The FA has been developing this agenda for several years, with uniformed servicemen (and women) appearing in ceremonial roles at a growing number of FA-sponsored fixtures, including recent England full-international matches.
FA Chairman David Bernstein notes that, “The FA has been a long time supporter of the Armed Forces.... We should never forget the bravery and sacrifice our forces make and I hope this gesture by The FA will give the 90,000 crowd at Wembley on Saturday the chance to show their respect and appreciation."
The FA Cup itself was taken to Camp Bastion in Afghanistan earlier this year by England Under-21 Head Coach and man-of-the-people Stuart Pearce.
One problem with this supportive engagement on the part of the FA is that it is deeply political.

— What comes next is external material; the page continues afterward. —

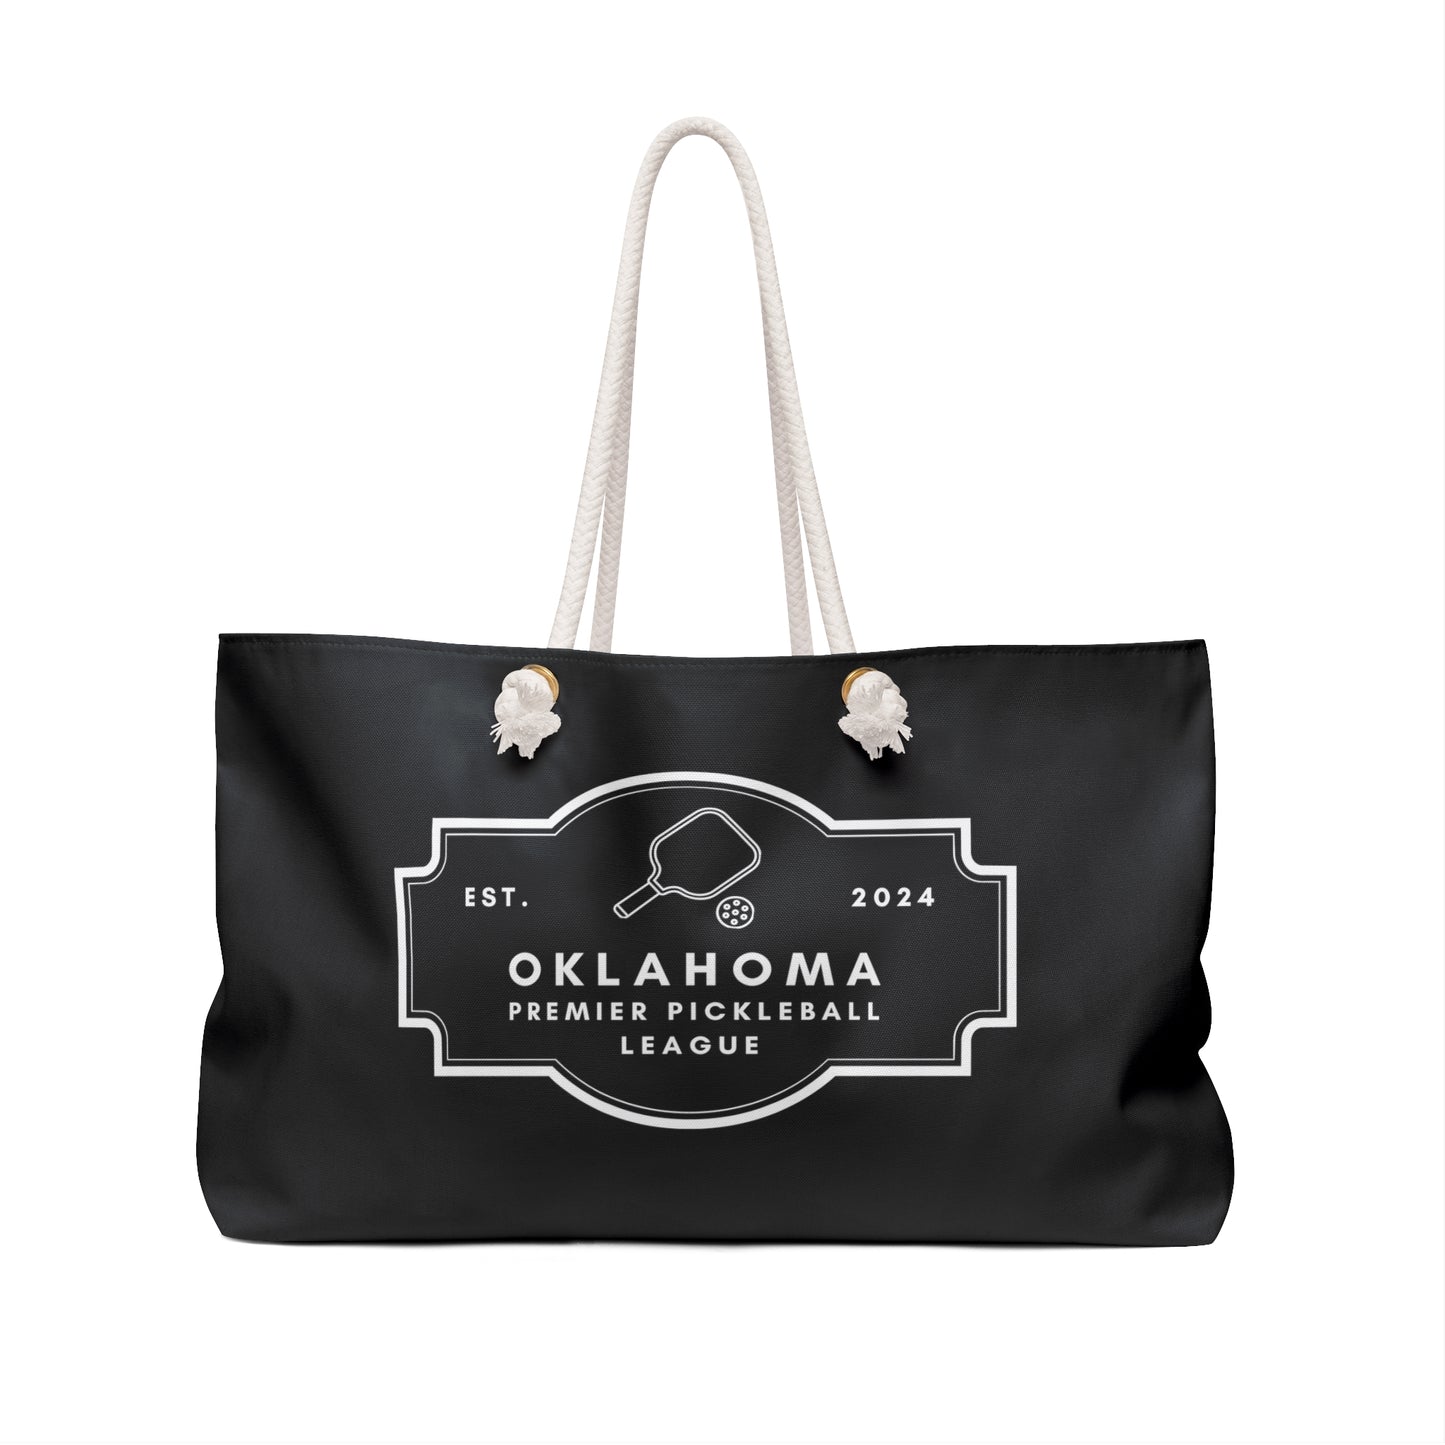 Customize your OPPL Pickleball Weekender Bag
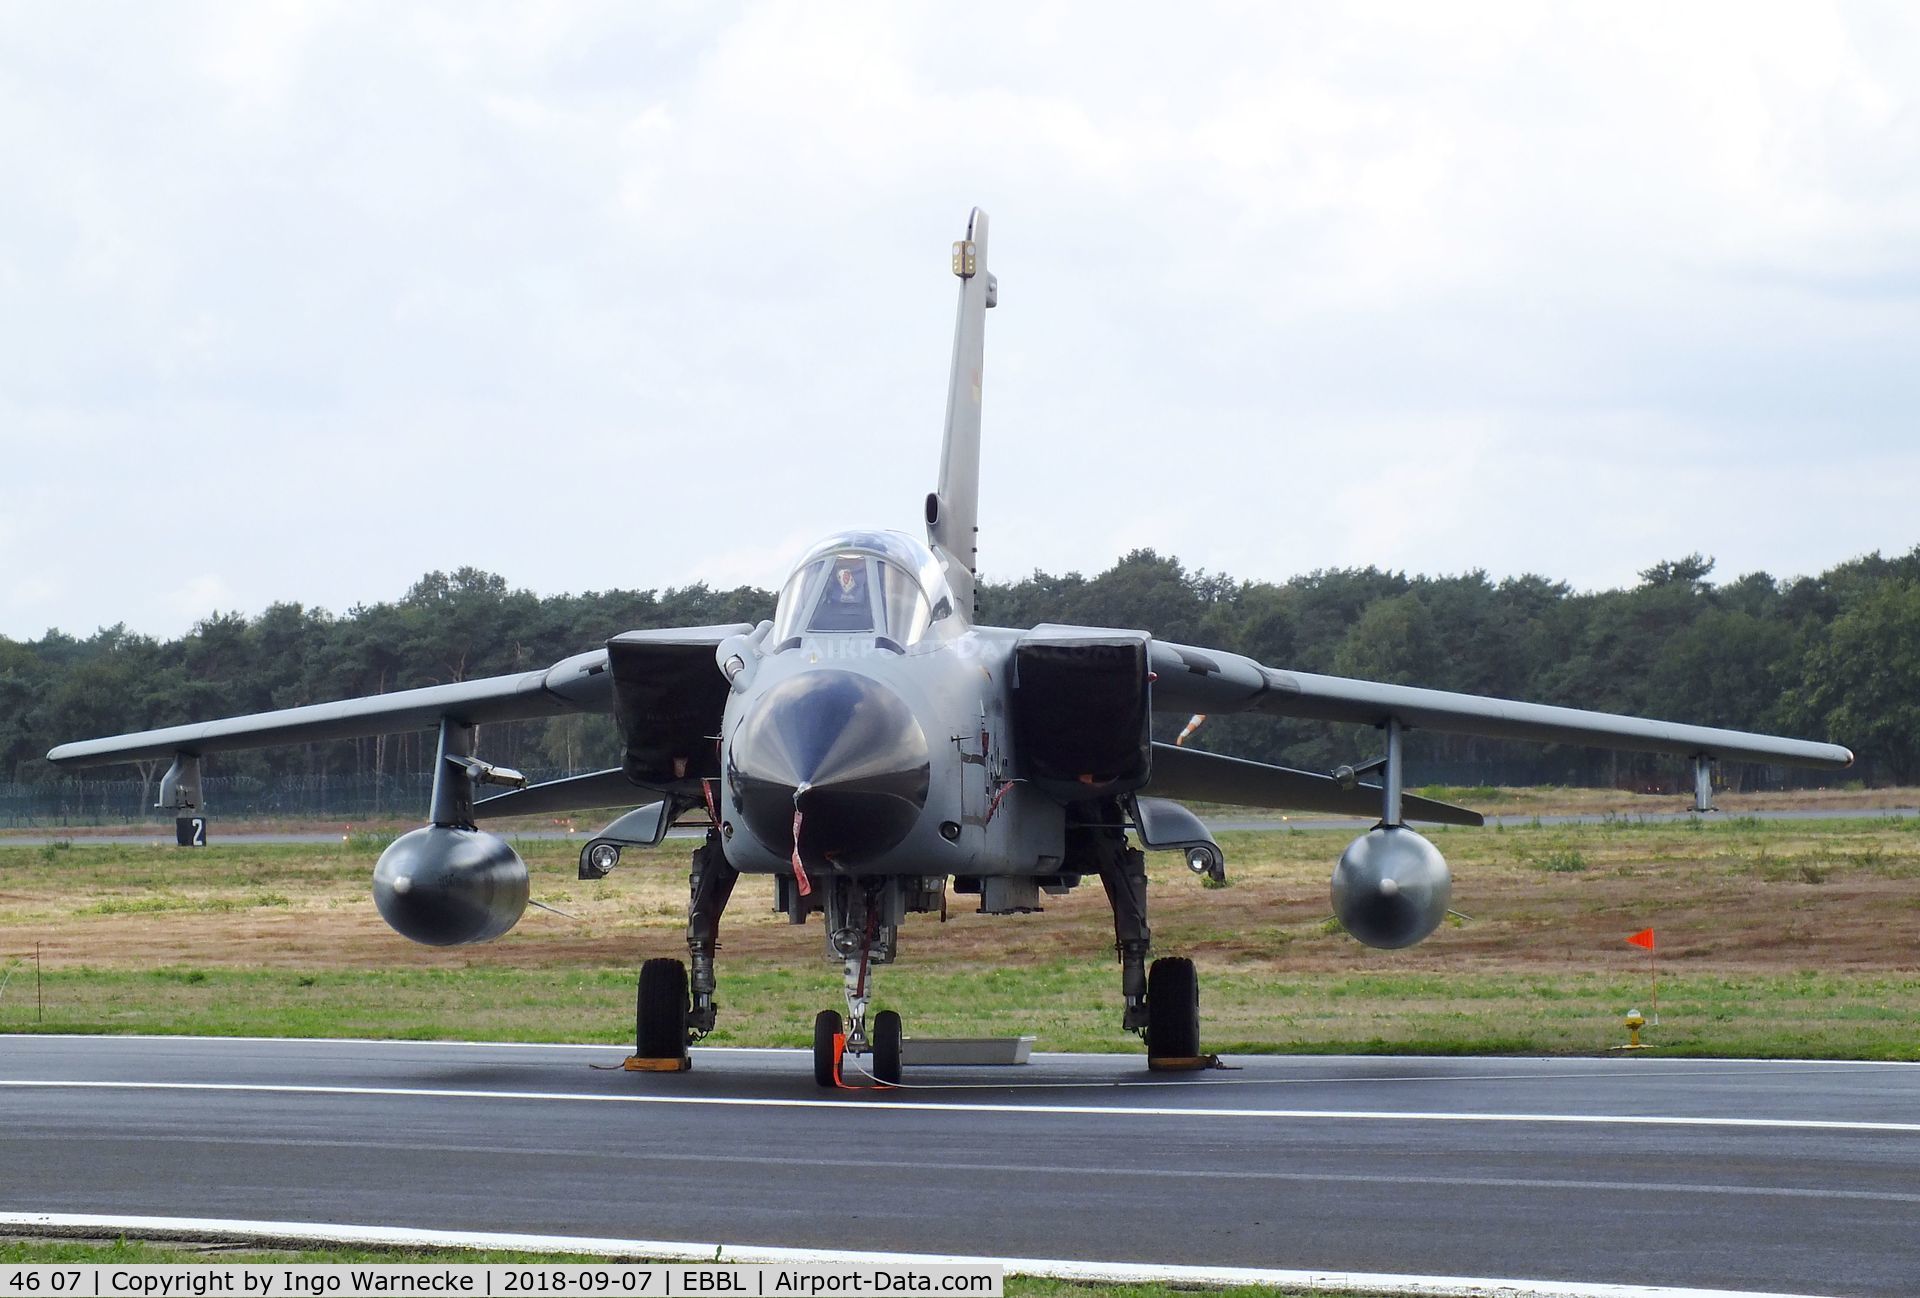 46 07, Panavia Tornado IDS(T) C/N 759/GT065/4307, Panavia Tornado IDS of the Luftwaffe (German Air Force) at the 2018 BAFD spotters day, Kleine Brogel airbase

In the United States, "support for the troops" has very easily morphed into an uncritical acceptance of the government's foreign policy. Similarly, the cultural transition towards celebrating the work of soldiers at mass public sporting events carries with it the unspoken assumption that the activities of these same soldiers, and their political masters, should be unchallenged. At least in public.
In an era when the government is closing children's centres across the country, reducing educational budgets, allowing universities to charge £9,000 per year to future undergraduates, and inviting private firms to "compete" within the NHS, the financial cost of the government's misguided Afghanistan policy remains an elephant in the living room, as far as public spending is concerned. This is quite apart from its moral or strategic merit.
This week, the head of the British Army, Sir Peter Wall, acknowledged to the Commons Defence Committee that there "clearly was" a failure of intelligence in the run-up to Britain's involvement in Afghanistan's Helmand province in 2006.
"I absolutely accept that what we found when we had our forces on the ground was starkly different from what we had anticipated and been hoping for. We had always anticipated Taliban potential intent. What we probably under-estimated was their capacity," he said.
With both of the prominent male Royals currently serving in the military - William in the RAF and Harry a tank commander in the British Army - the fusing of power, wealth, militarism and popular culture remains a powerful combination in modern Britain. Today's FA Cup presentation will add to that heady mix, and in the opinion of this fan, is a regrettable development.